Still, he was at least right with the concept of teamwork. She found the media was the most impressed when she talked about the efforts of her team and let her work speak for itself. She had a feeling that the hostile trapped in the steel bars of the business he tried to rob would quite likely go viral. If so, those who wished to strike fear into the heart of the Motor City would have another reminder of who they’d face if they tried.
Chapter Twenty-Seven
The reporters came armed with ever more barbed questions. Kristen was certain they’d play the story about the criminal who’d tried to rob the pawnshop and ended up as wall decoration. Unfortunately, it seemed she was now famous enough that if they could get a good sound bite from her, that might be the bigger story. She tried to keep a cool head as the wave of microphones and cameras accosted her.
“Ms Hall, how does it feel to do more for the city than the Detroit police department has done in the last twenty years?”
“I think that’s a mischaracterization of the men and women who serve our community.”
The reporter looked disappointed at her textbook response.
“Ms Hall, does your team like knowing that they’re the most protected SWAT squad in the city?”
“My team protects me as much as I protect them.” It was a white lie but it sounded better than the truth—that over the last month, she had personally eliminated or apprehended every hostile armed with a weapon more dangerous than a letter opener.

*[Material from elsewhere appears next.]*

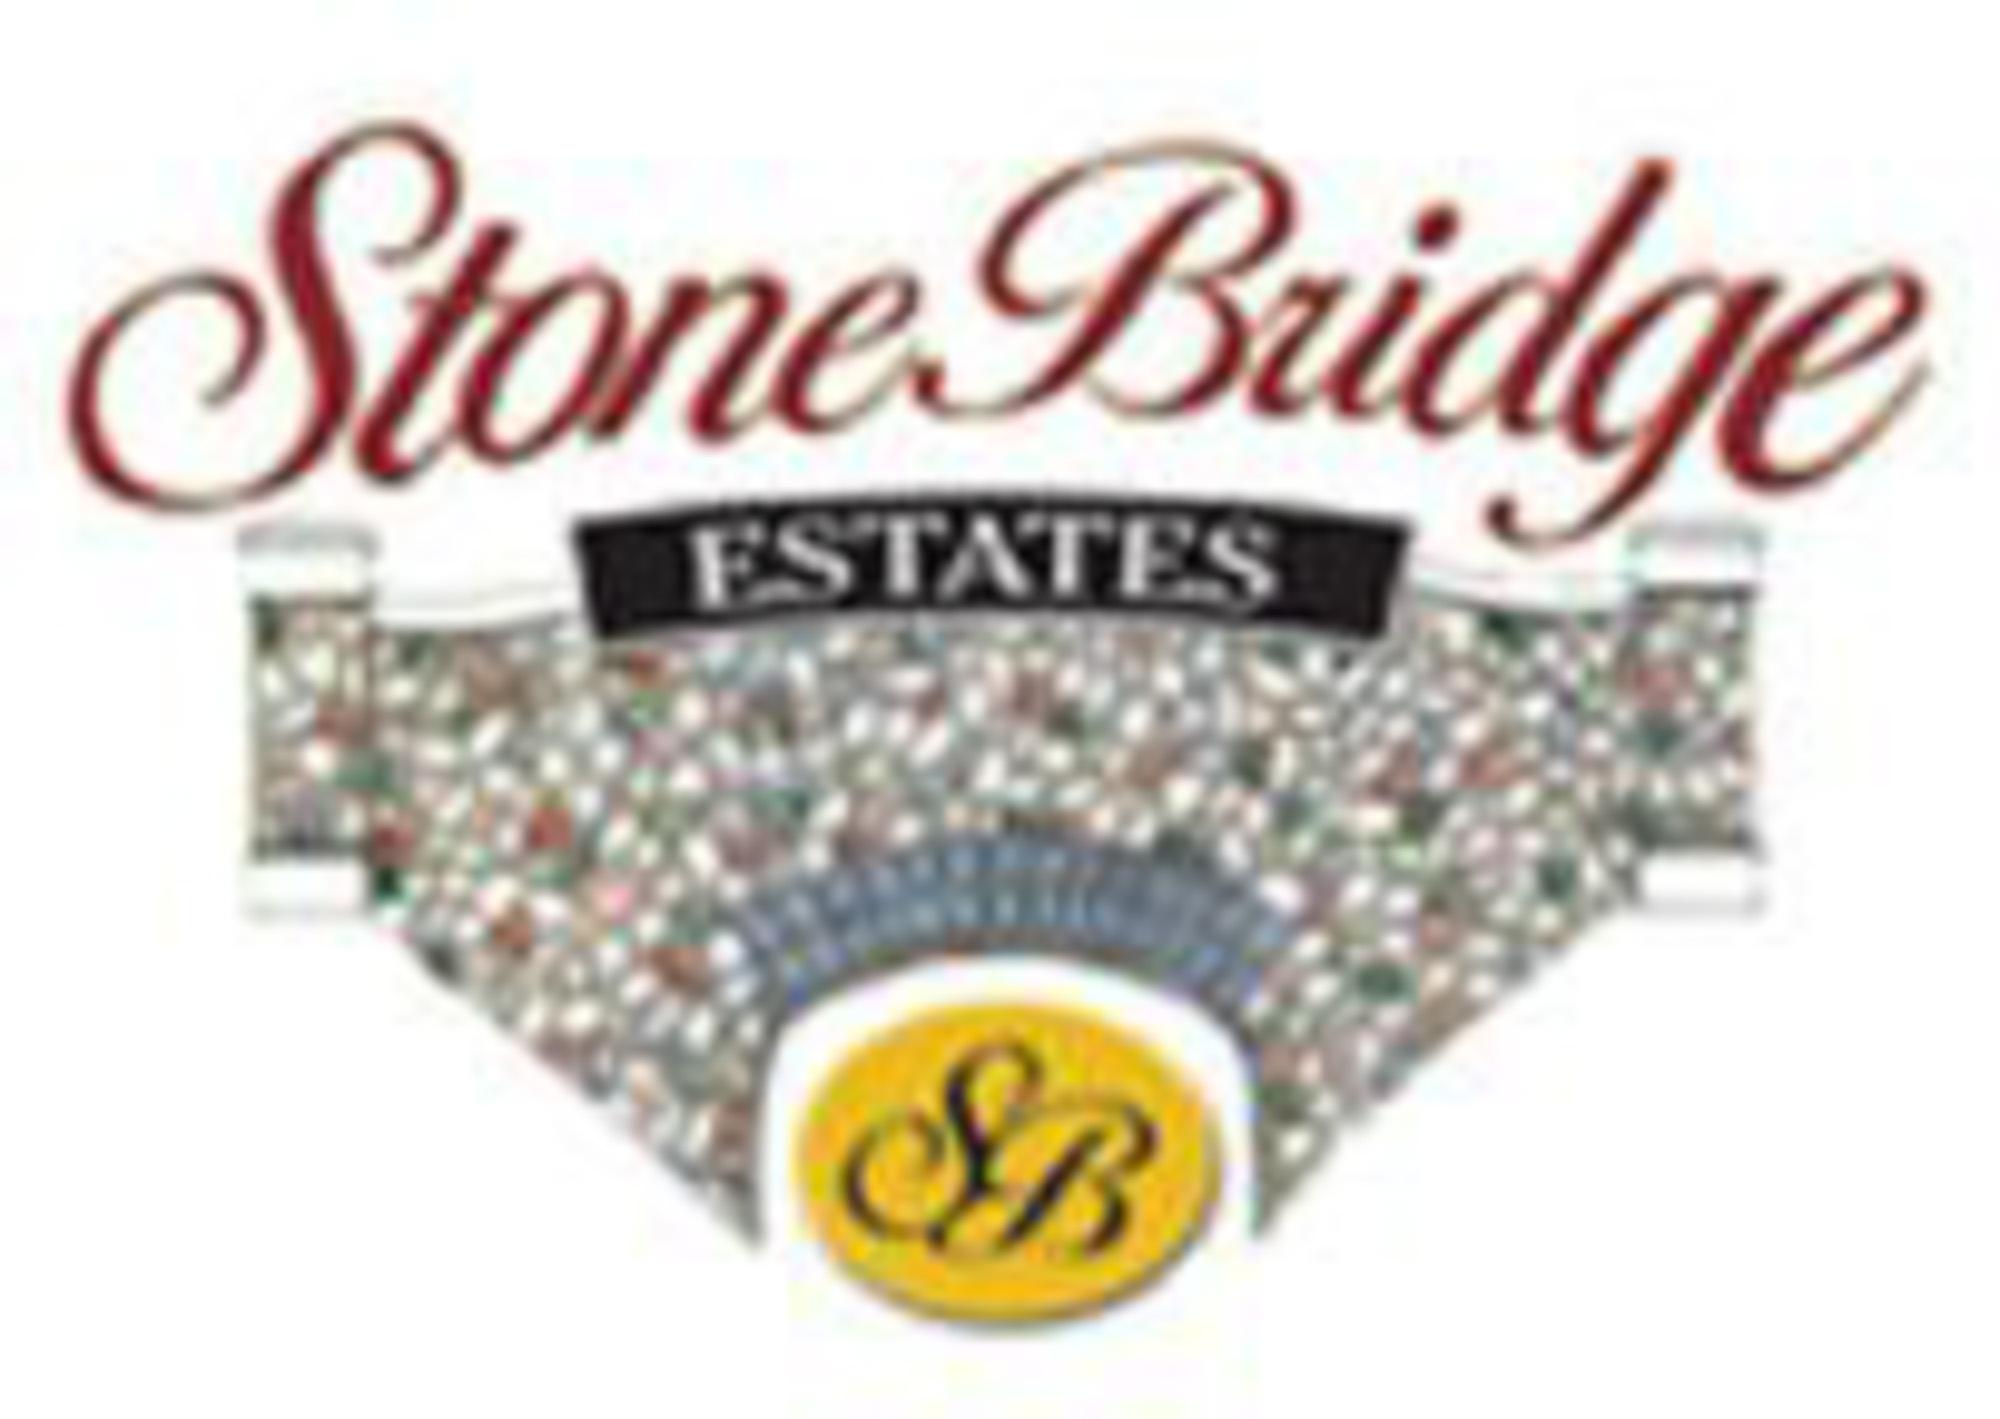 StoneBridge Estates LOGO

“I’ll take that as a yes, then.”
She shrugged. She’d already been misquoted dozens of times. What was important was that there no sound bite.

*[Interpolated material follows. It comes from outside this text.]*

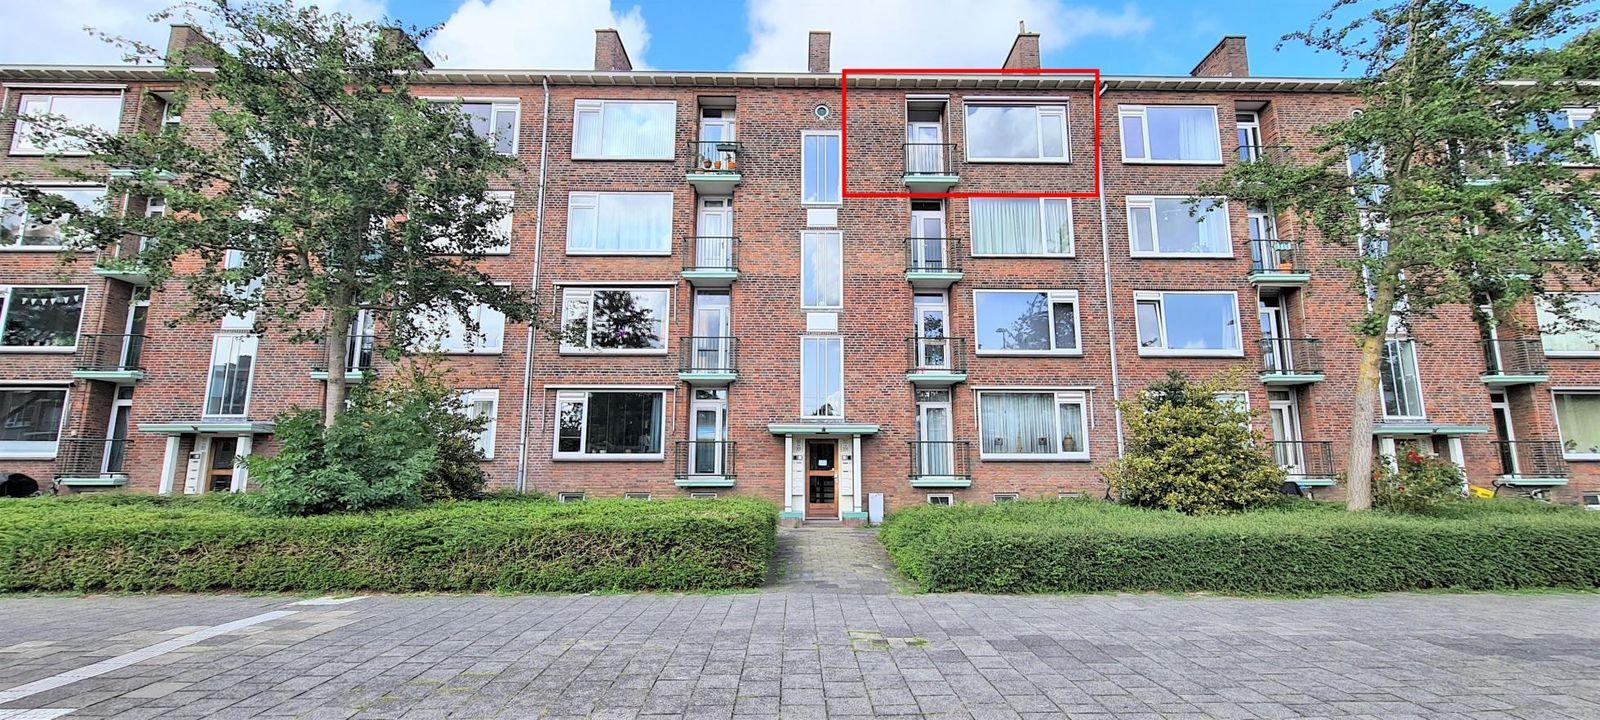 Koningin Julianalaan 203, Voorburg

“How does it feel to be the Lost Dragon?”
That was a new one. “Excuse me?” she asked, hoping for clarification. The reporters calmed, eager to get an answer.

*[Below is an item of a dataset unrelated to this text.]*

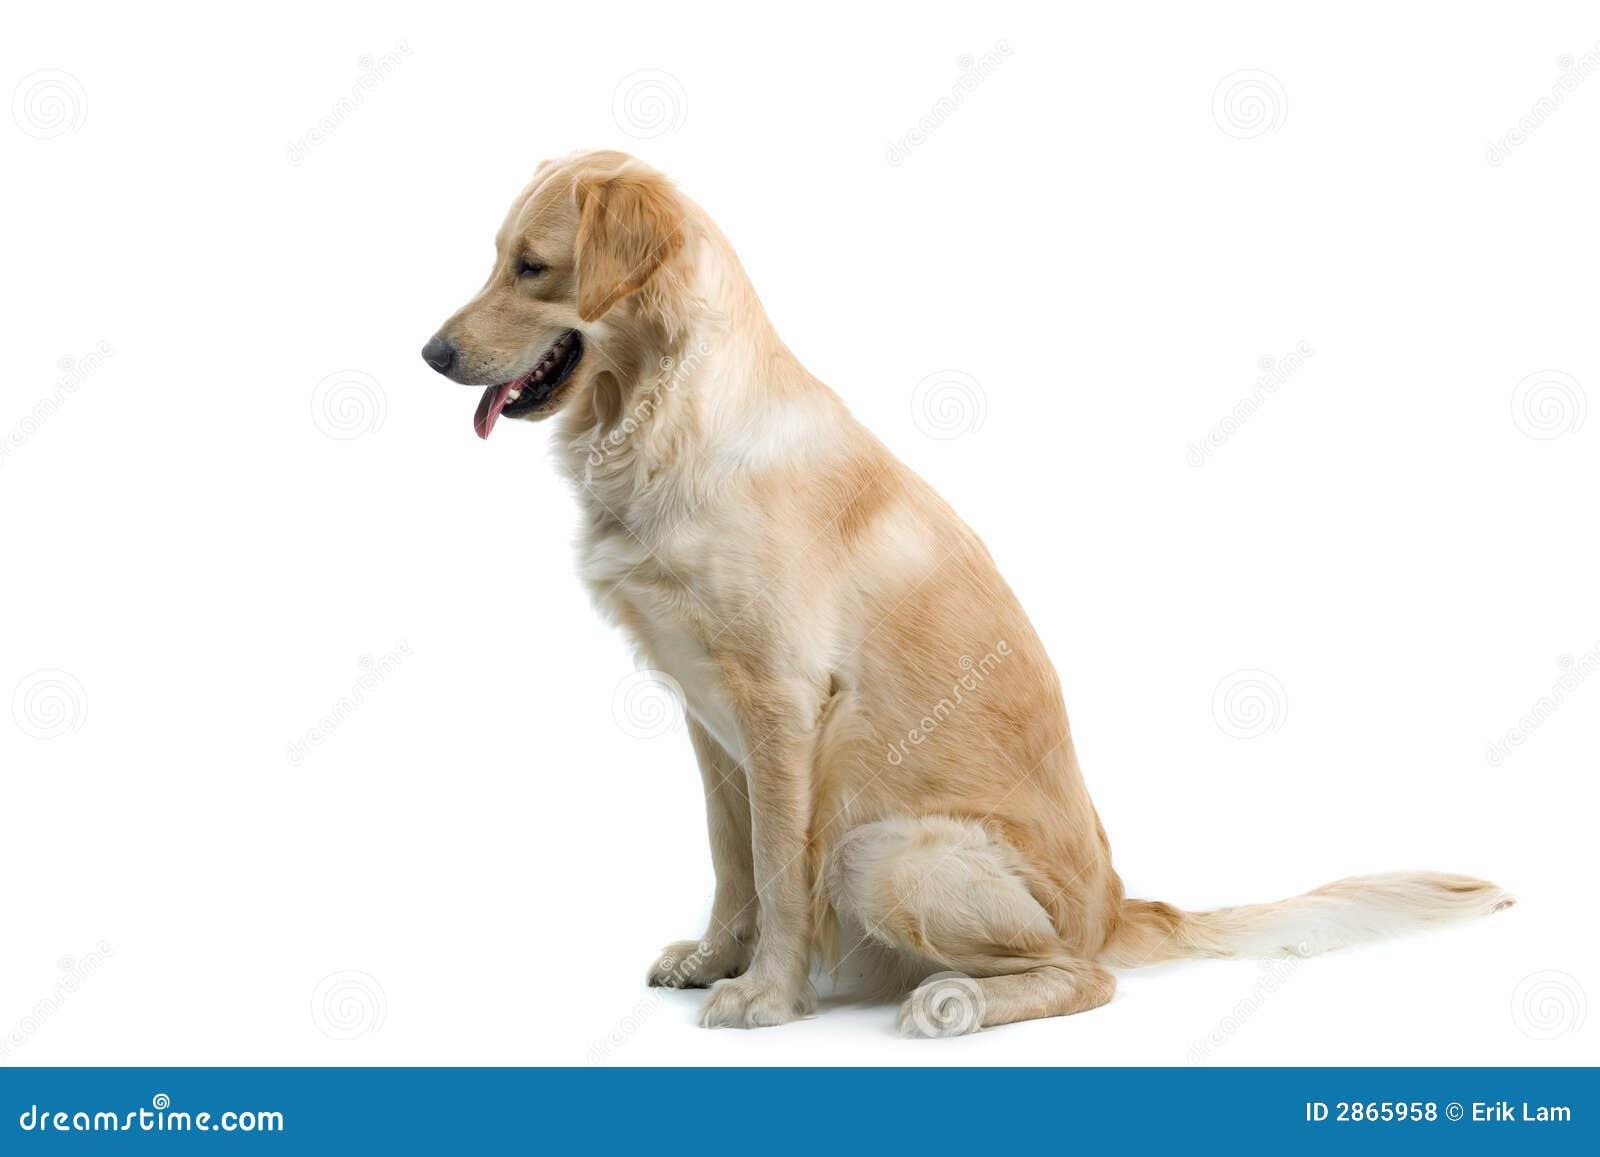 sitting dog royalty free stock photos
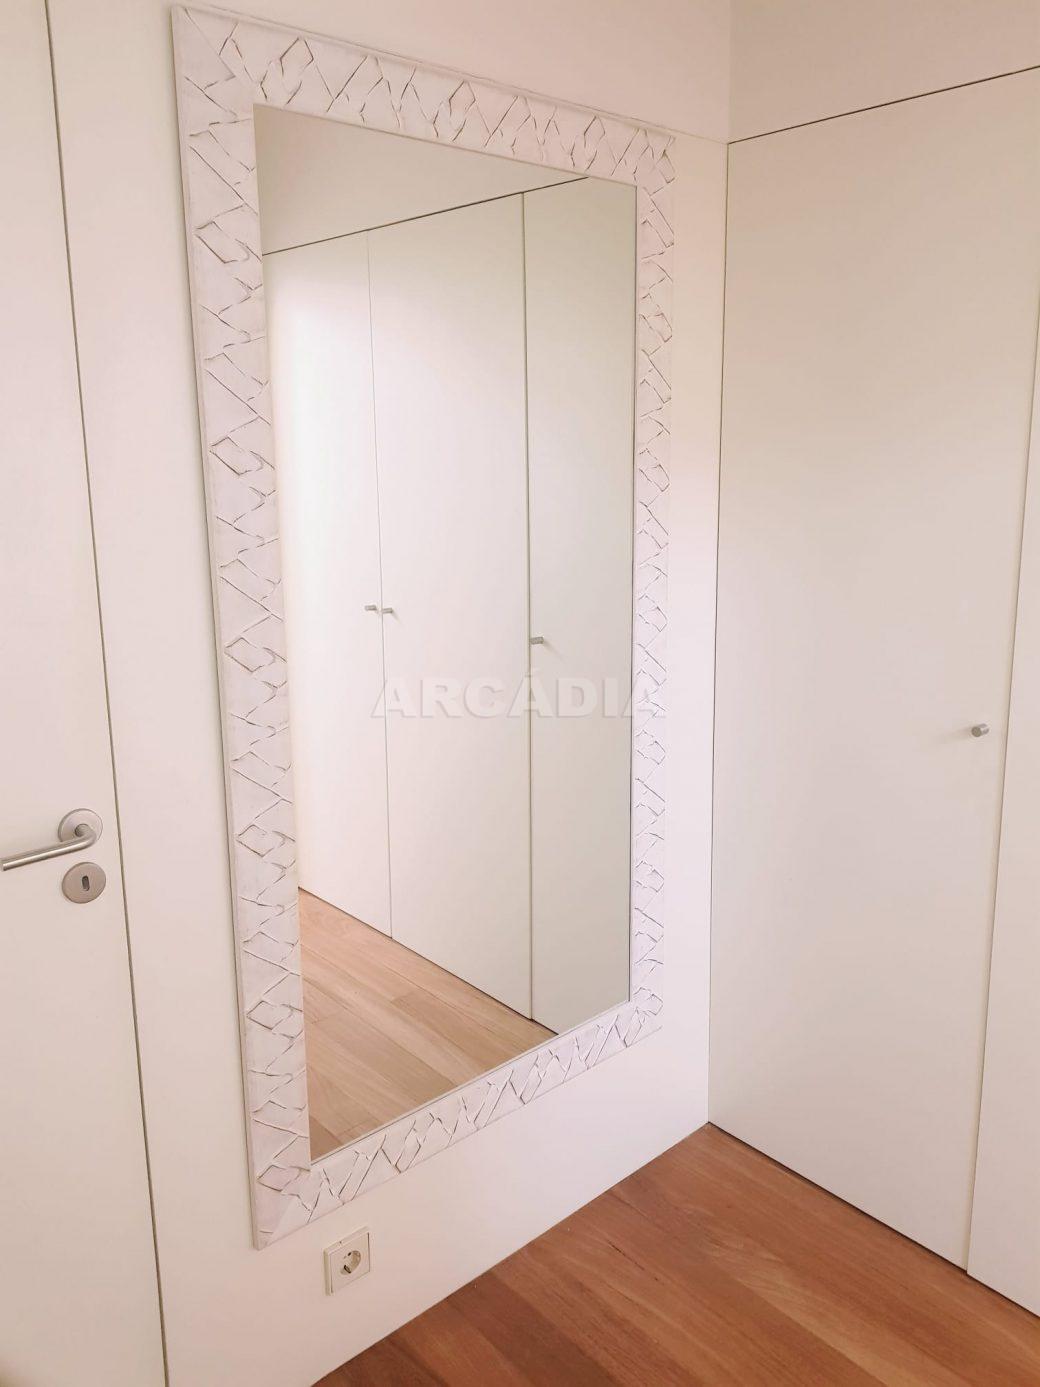 arcadia-imobiliaria-braga-apartamento-no-centro-historico-de-braga-tipo-2-para-compra-7

“You grew up thinking you were human, only to discover you were a dragon while on the force. How did you find out you were a dragon, and do you think there might be another Lost Dragon out there?”
There was a moment of silence as every microphone pointed toward her.
Kristen knew she had to be careful with her answer. She didn’t want to explain what had really happened—that one night, Frank Hall’s sister had shown up with a baby, begged the Halls to care for it, then vanished, only to die that same night under mysterious circumstances. No one had looked deeply enough into her family to ferret out that Aunt Christina had worked for some kind of biology lab that w
as run by the dragons, and she wanted to keep it that way.
“I don’t know if there are other hidden dragons out there, but I will say I discovered my powers when pushing myself to the limit. Maybe the best way to find out if we have the heart of a dragon is to push ourselves past our comfort zone to inspire the ones we care for.”
“You’re saying kids should risk their lives and hope they have steel skin like you?” one reporter asked.
“No! No, not at all.”
“If there are more Lost Dragons, will you all work against the current dragon-dominated system?” another reporter asked.
Now that was a loaded question. Answering that one wrong would not only draw the ire of her team but maybe the dragon community.
Fortunately, before she could answer, two police cars arrived with officers to collect evidence and photograph the crime scene. They promptly pushed the reporters away, which only pissed off those who’d yet to properly record the man dangling in the pawnshop.
Drew put a hand on her arm. “Come on, let’s get out of here.”
She nodded and seized the opportunity to escape. They strode quickly to their SWAT van, but before she could get inside, Hernandez thrust herself up close and glowered at her.
“Ms Hall, Ms Hall, how does it feel to be even more self-centered and stuck up than the average white girl?”
“Cool it, Hernandez,” the team leader said.
“No, fuck that. I worked hard for my reputation as a mean-ass bitch, and now—thanks to little miss Lost Dragon—everyone thinks I’m a goddamned damsel in distress.”
“No one thinks you’re a damsel in distress.” Kristen tried to smile and assumed the woman was joking.
“Oh yes they fucking do.” The demolition expert’s eyes were wide in disbelief “You’re not the only one the media’s been hounding. They only ask questions about you, of course, but it’s still pretty fucking annoying to be stopped every time I go to my damn car.”